Pew Research study revealed one in 10 Americans, or roughly 31 million people, have used a dating site or app and the number of people who dated someone they met online grew to 66 percent.

IBM Security identified that 26 of the 41 dating apps they analyzed on the Android mobile platform had either medium or high severity vulnerabilities. The analysis was done based on apps available in the Google Play app store in October 2014.

The vulnerabilities make it possible for a hacker to gather valuable personal information about a user.

IBM tips for Digital Dating Safety

Some of the vulnerable apps could be reprogrammed by hackers to send an alert that asks users to click for an update or to retrieve a message that, in reality, is just a ploy to download malware onto their device.

IBM found 73 percent of the 41 popular dating apps analyzed have access to current and past GPS location information. Hackers can capture a user’s current and past GPS location information to find out where a user lives, works, or spends most of their time.

48 percent of the 41 popular dating apps analyzed have access to a user’s billing information saved on their device.

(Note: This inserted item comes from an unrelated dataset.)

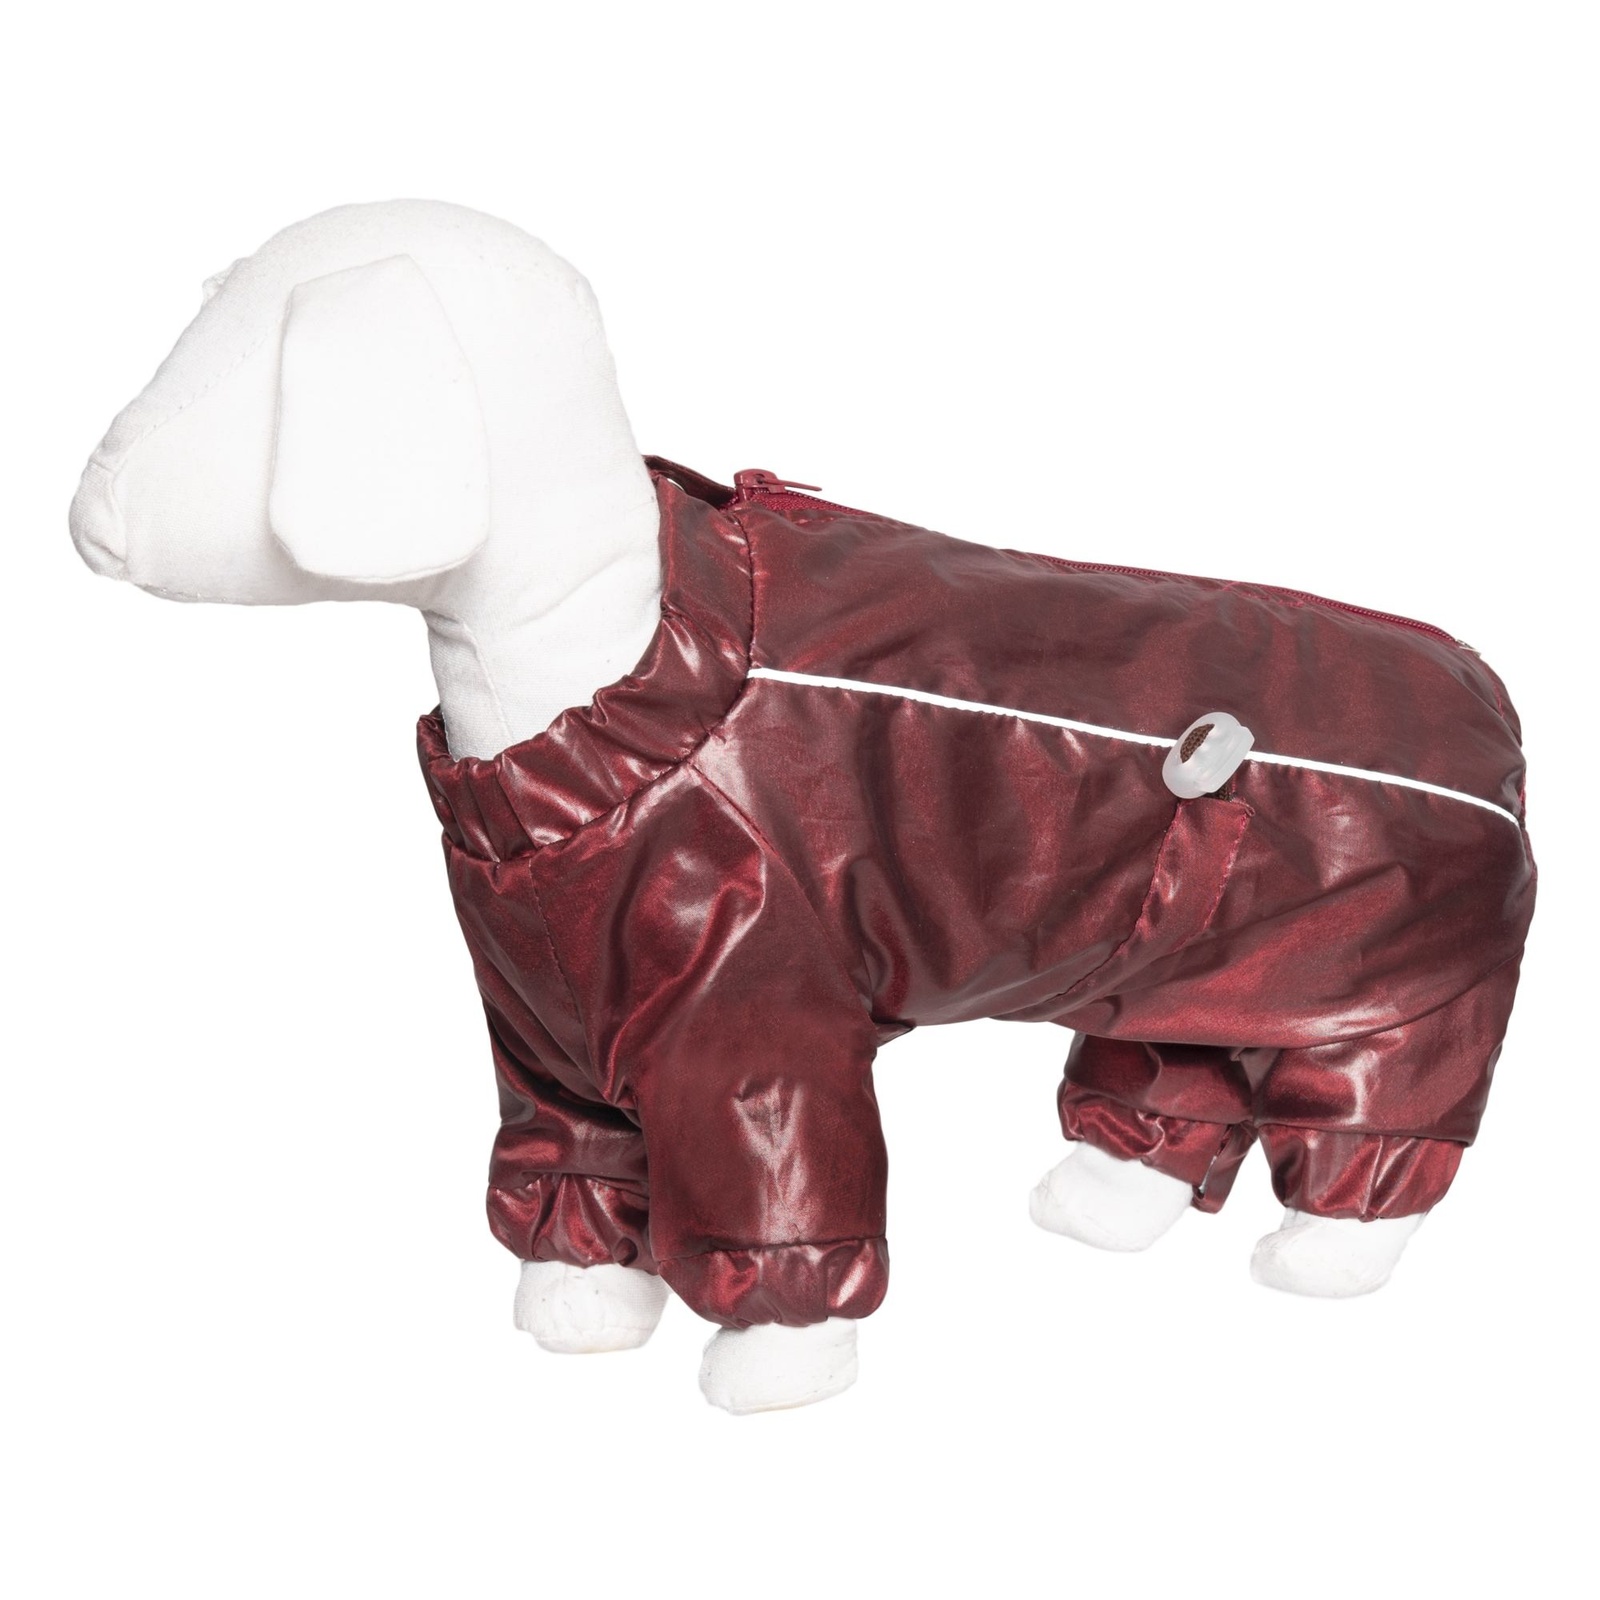 Yami-Yami одежда Yami-Yami одежда комбинезон для собак малых пород, каштановый на флисе (100 г) yami yami одежда yami yami одежда комбинезон для собак малых пород на флисе с рисунком краски xl

All the vulnerabilities can allow a hacker to gain access to a phone’s camera or microphone even if the user is not logged into the app. This means an attacker can spy and eavesdrop on users or tap into confidential business meetings.

The IBM study said a hacker can change content and images on the dating profile, impersonate the user and communicate with other app users, or leak personal information externally to affect the reputation of a user’s identity.

Hackers could intercept cookies from the app via a Wi-Fi connection or rogue access point, and then tap into other device features such as the camera, GPS, and microphone that the app has permission to access, said IBM.